Figure 9a illustrates the packing of the molecules as viewed down the a-axis. It is evident, from the packing diagram, that channels are present in the structure. These are assumed to be occupied by acetonitrile solvent molecules, making PM-1 a pseudo-polymorph of fipronil. However, the acetonitrile solvent molecules could not be located reliably in the electron difference map, hence the SQUEEZE command was employed in the refinement of the structure where the diffuse contribution to the overall scattering of one molecule of acetonitrile was considered.
In both molecules A and B, each NH2 group (N1) forms two hydrogen bonds. Firstly, a bifurcated hydrogen bond is formed to two oxygen atoms (O1, O2) of two different sulfinyl groups, with one hydrogen bond intramolecular (N1-H1B···O1), and one intermolecular (N1-H1B···O2). The second hydrogen atom on the amine group (N1-H1A) forms an intermolecular hydrogen bond to the nitrogen atom (N4) of a nitrile group on a different molecule. Figure 10a illustrates the resulting hydrogen bonded ribbon. Molecule’s A form propagates on the one side of the hydrogen bonded ribbon, and molecule’s B form the opposite side of the ribbon. Distinct hydrogen bonding networks may also be described in terms of graph sets: two unique parallel chains (the one involving molecule A and the other molecule B) may each be defined as C(7), whereas the intramolecular hydrogen bond between the amine and sulfinyl group may be defined as S(6). Two unique rings are also observed, the one involving two molecules, \({R}_{2}^{2}\)(4), and a larger ring incorporating four different molecules, \({R}_{4}^{4}\)(18). It is interesting to note that all five structures PM-1 to PM-5 exhibited identical hydrogen bonding patterns and graph sets (vide infra), despite their unique structures and packing in three dimensions. Additionally, one of the hydrogen atoms on the amine group of molecule B forms a hydrogen bond to a chlorine atom on a neighbouring molecule, effectively making this a trifurcated hydrogen bond. This interaction is not observed for molecule A. Hydrogen bonding parameters are listed in Table 5.
Form PM-2
PM-2 was crystallized from acetonitrile at room temperature and was found to be a concomitant polymorph to PM-1, since it formed in the same crystallization vessel as pseudo-polymorph PM-1. PM-2 crystallizes in the space group P21/c, and does not contain any solvent molecules, hence it is a polymorph of fipronil.
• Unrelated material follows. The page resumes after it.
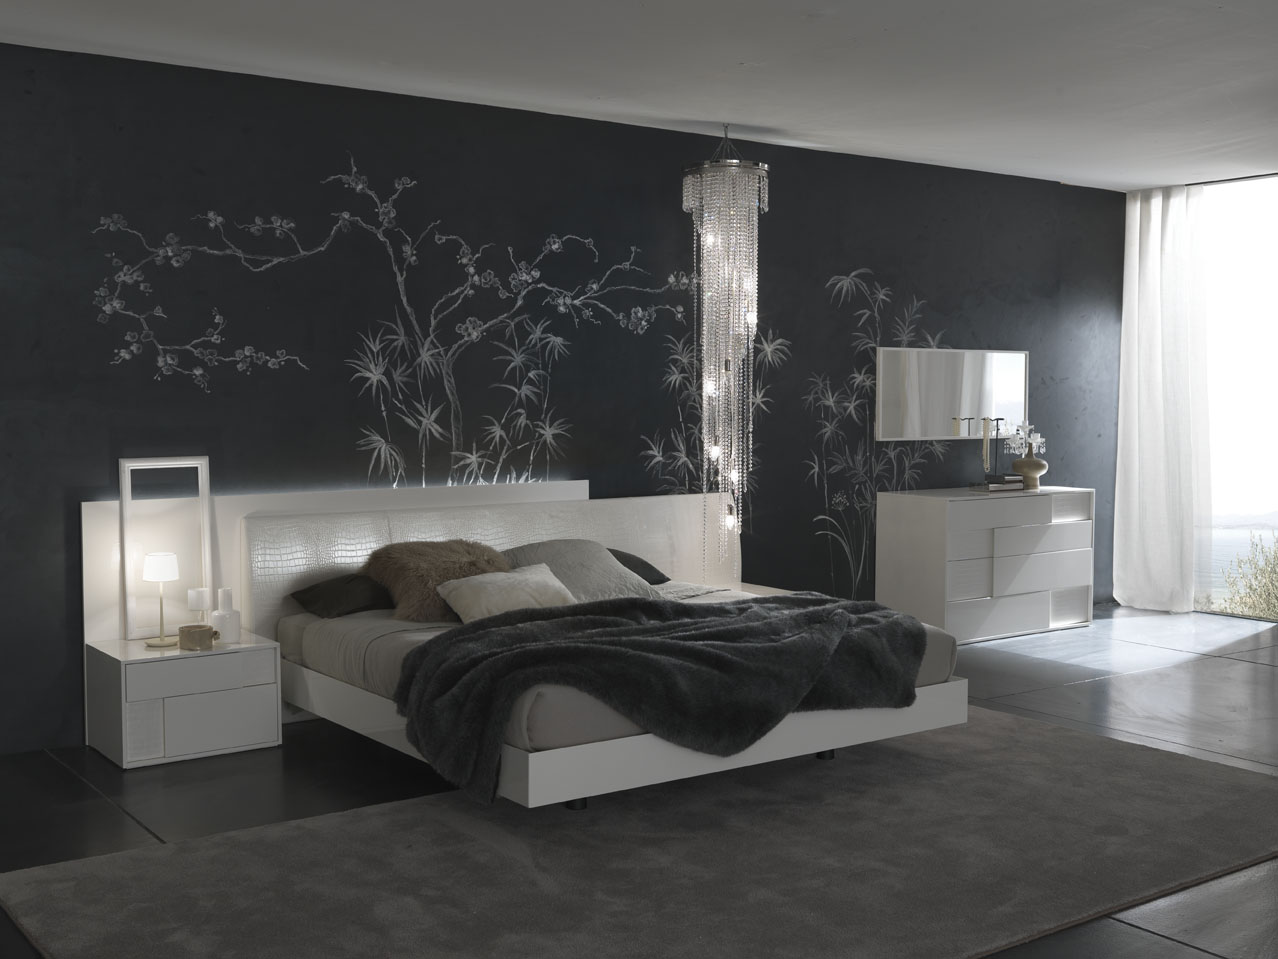 Black White Ideas Adorable Black White Men's Bedroom Ideas With Tree Wall Decal Furnished With King Bed And Nightstand Completed With Rug And Crystal Chandelier Lighting Bedroom Mens Bedroom Ideas: The Design Character

The asymmetric unit of PM-2 comprises two fipronil molecules, which will be denoted molecule A, containing nitrogen atom S1, and molecule B, containing nitrogen atom S2. Both molecule A and molecule B contain disordered trifluoromethyl groups, however, the two molecules differ in the type of disorder exhibited by the groups. In molecule A the fluorine atoms of the trifluoromethyl group bonded to the benzene group are disordered over two positions, with an occupancy of 0.566(10) and 0.434(1). The entire trifluoromethyl group bonded to the sulphur atom is disordered over two positions in molecule B, with the two disordered portions on opposite sides of the sulphur atom, with occupancies of 0.6 and 0.4, respectively.
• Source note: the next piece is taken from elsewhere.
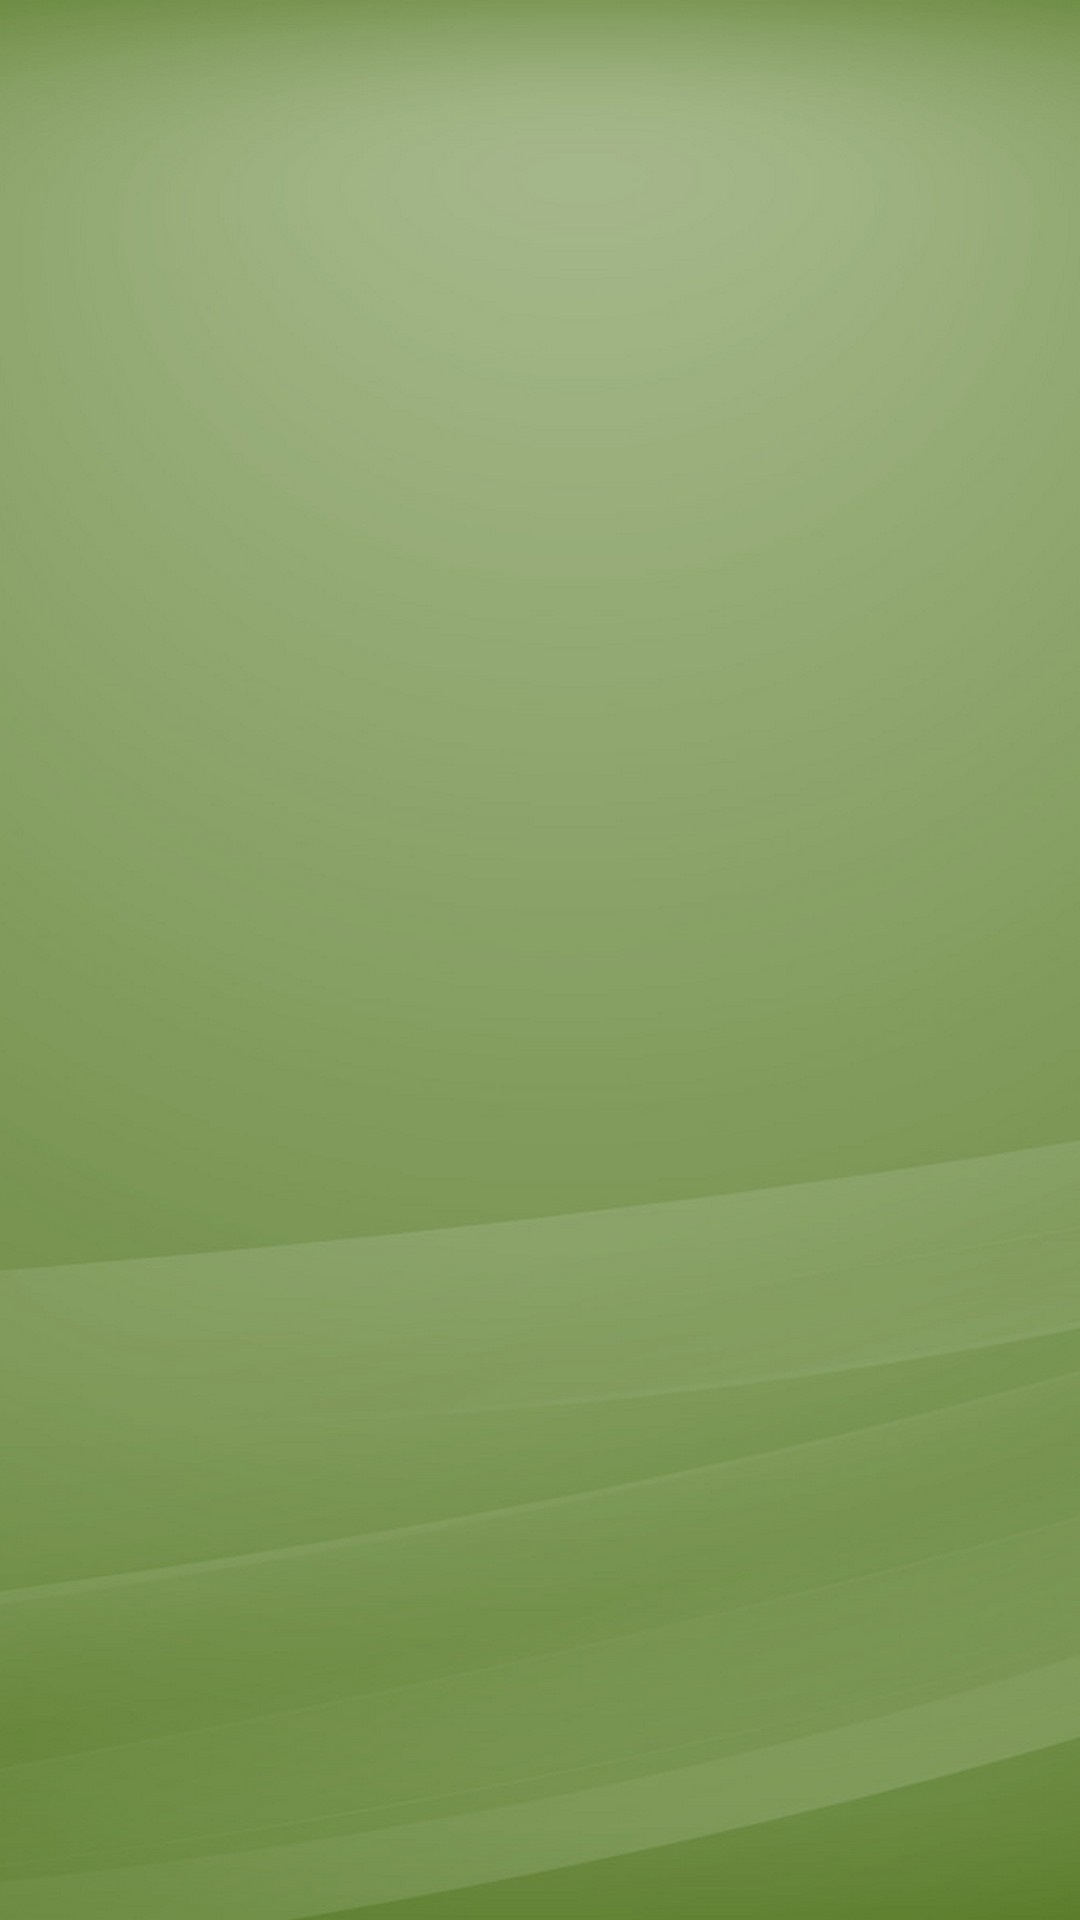 iPhone X Wallpaper Green Colour with resolution 1080X1920 pixel. You can make this wallpaper for your iPhone 5, 6, 7, 8, X backgrounds, Mobile Screensaver, or iPad Lock Screen

The angle between the plane through the benzene group and the plane through the pyrazole group is 81.26° in molecule A and 81.59° in molecule B, which are comparable with those in PM-1.
The packing diagram of PM2 is illustrated in Fig. 9b A sinusoidal, layered packing is exhibited, with benzene groups and their attached substituents packing in a layer, the tetrafluoromethanesulfinyl groups packing in a layer, and the pyrazole groups packing in two different layers.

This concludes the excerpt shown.